> _Task objective_
In the records below, find the line with "Sine Inverter Charger", then copy each line exactly until you have copied the line with "One of the avian". Leave any picture out.

> _Data for this exercise_
□ □ □ □ □

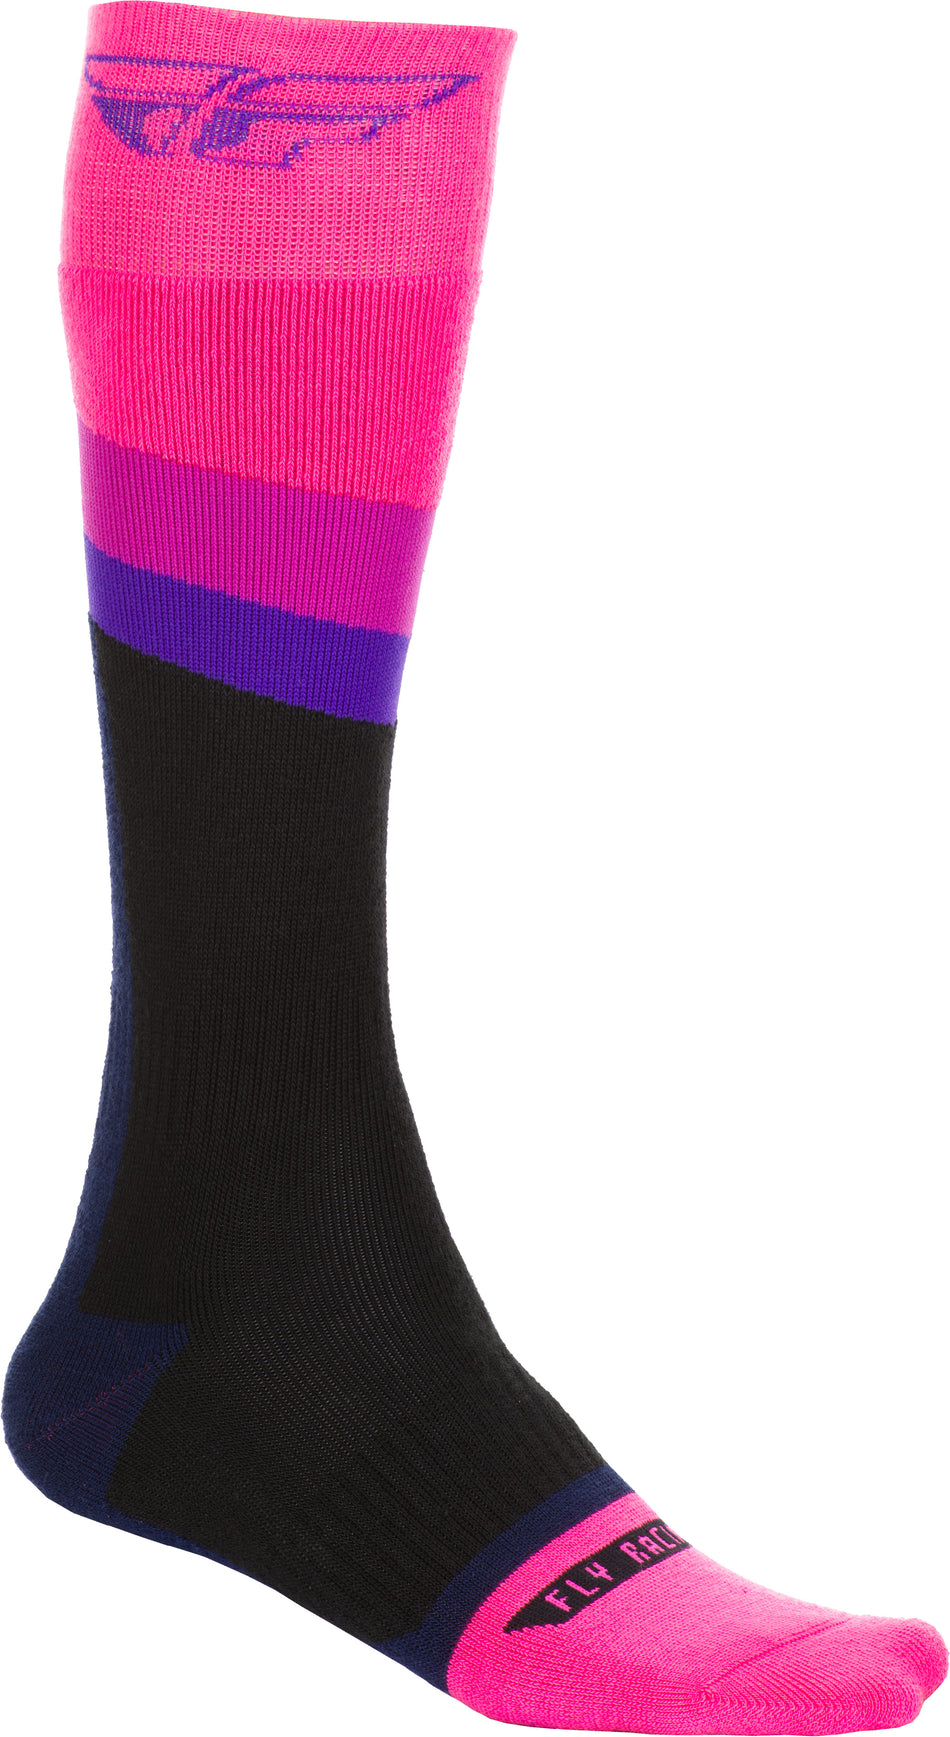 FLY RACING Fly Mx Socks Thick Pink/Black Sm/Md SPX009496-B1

□ □ □ □ □

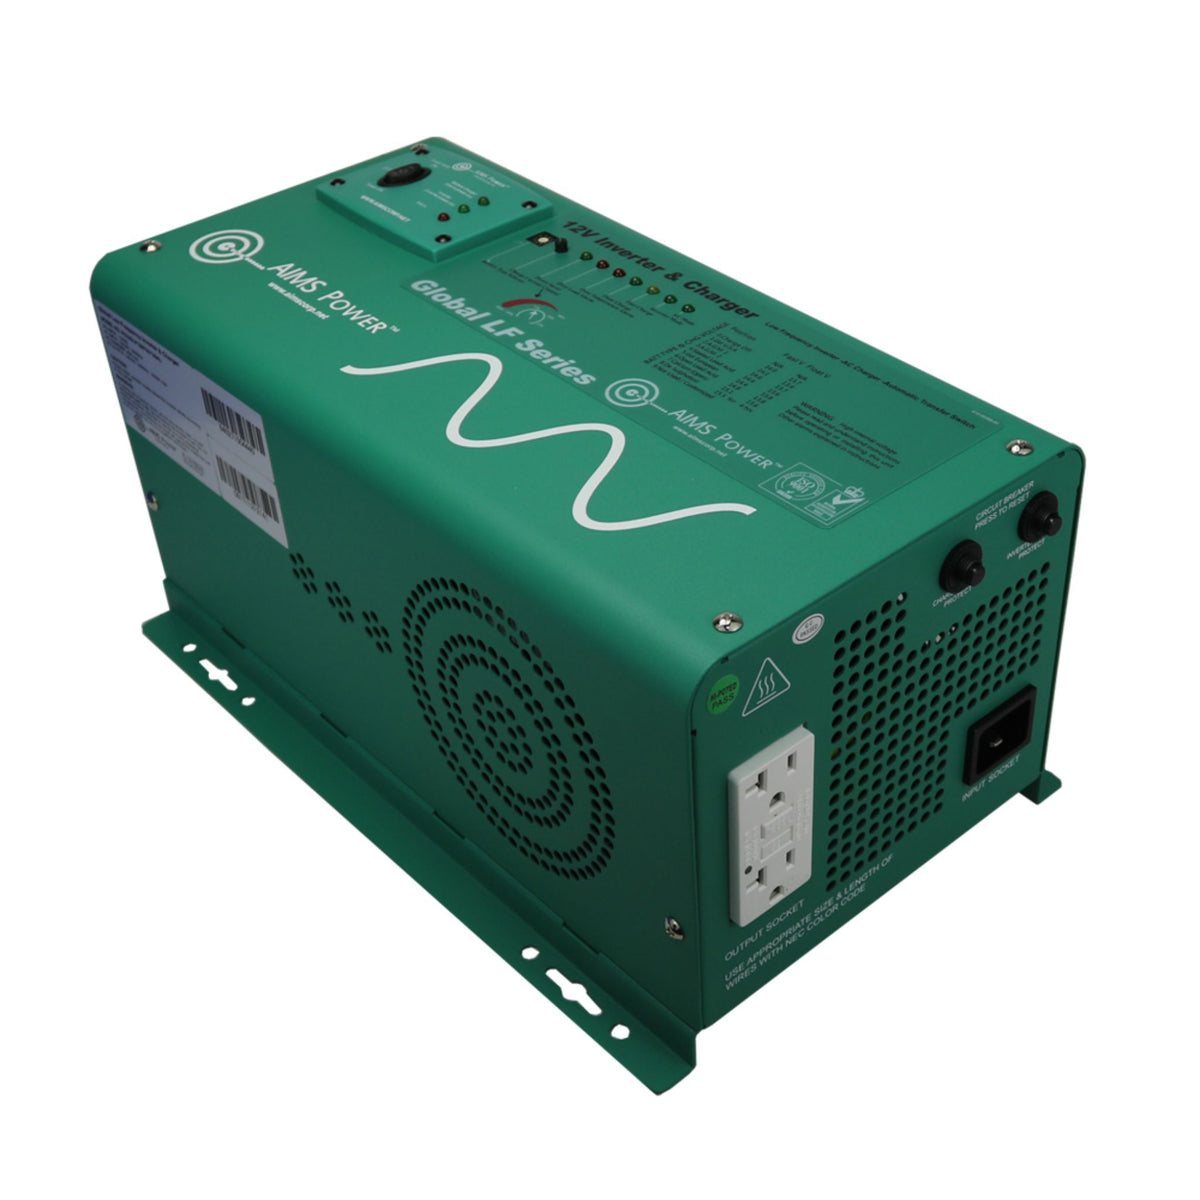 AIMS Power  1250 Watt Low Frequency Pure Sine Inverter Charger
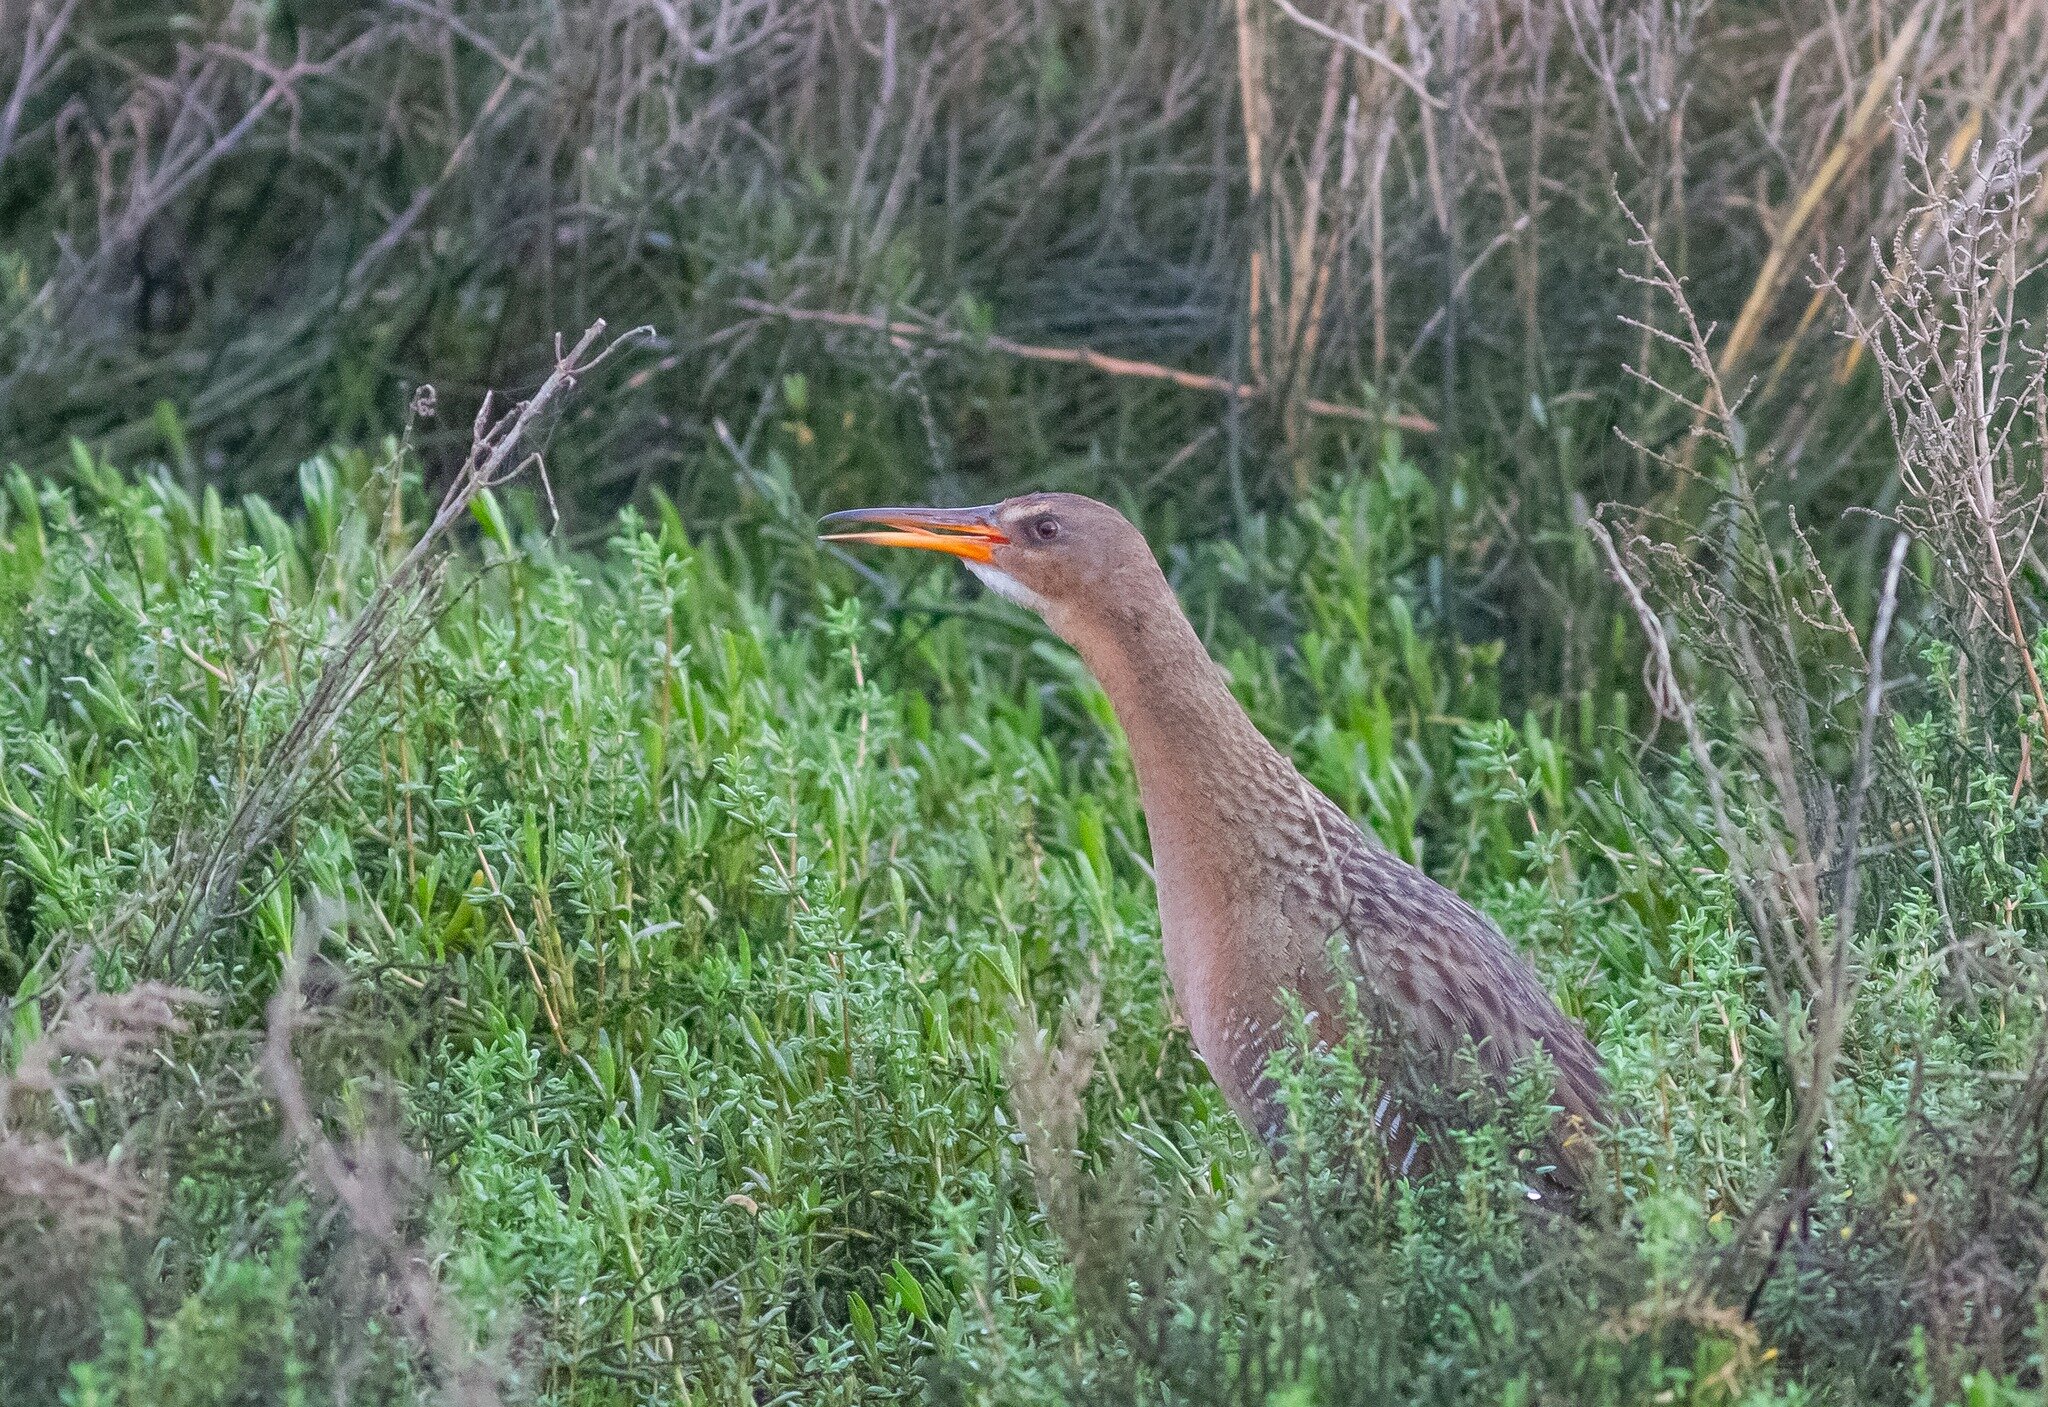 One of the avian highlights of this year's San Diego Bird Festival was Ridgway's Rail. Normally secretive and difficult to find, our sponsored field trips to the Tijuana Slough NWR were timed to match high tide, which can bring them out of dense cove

□ □ □ □ □

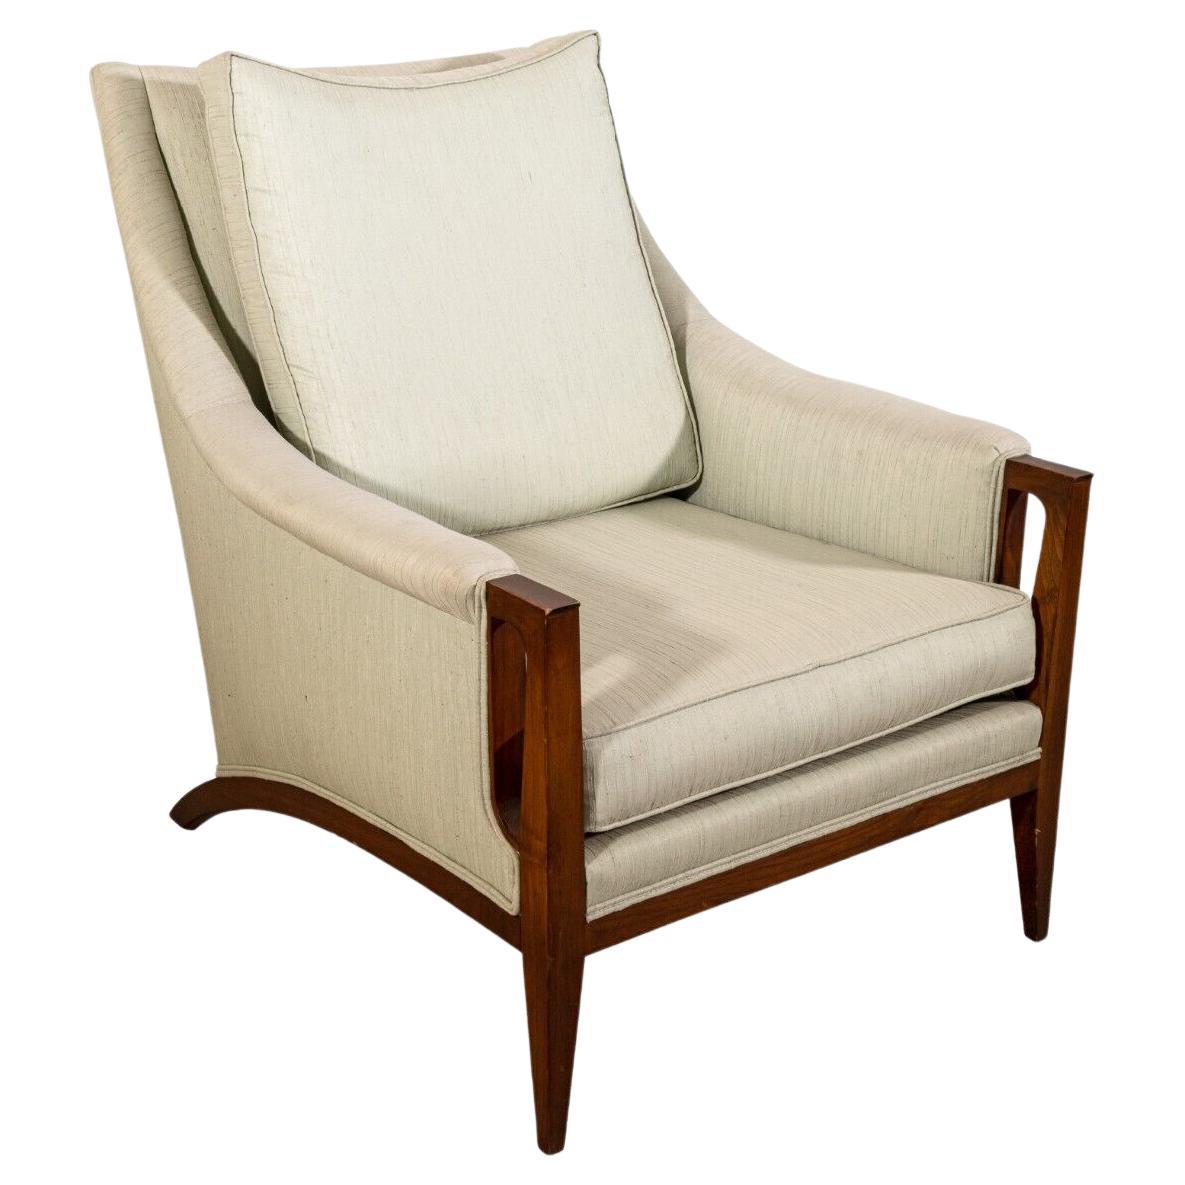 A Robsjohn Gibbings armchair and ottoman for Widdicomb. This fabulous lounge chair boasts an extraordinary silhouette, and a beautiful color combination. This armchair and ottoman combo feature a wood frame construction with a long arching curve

□ □ □ □ □

> _Solution for this task_
 AIMS Power  1250 Watt Low Frequency Pure Sine Inverter Charger
 One of the avian highlights of this year's San Diego Bird Festival was Ridgway's Rail. Normally secretive and difficult to find, our sponsored field trips to the Tijuana Slough NWR were timed to match high tide, which can bring them out of dense cove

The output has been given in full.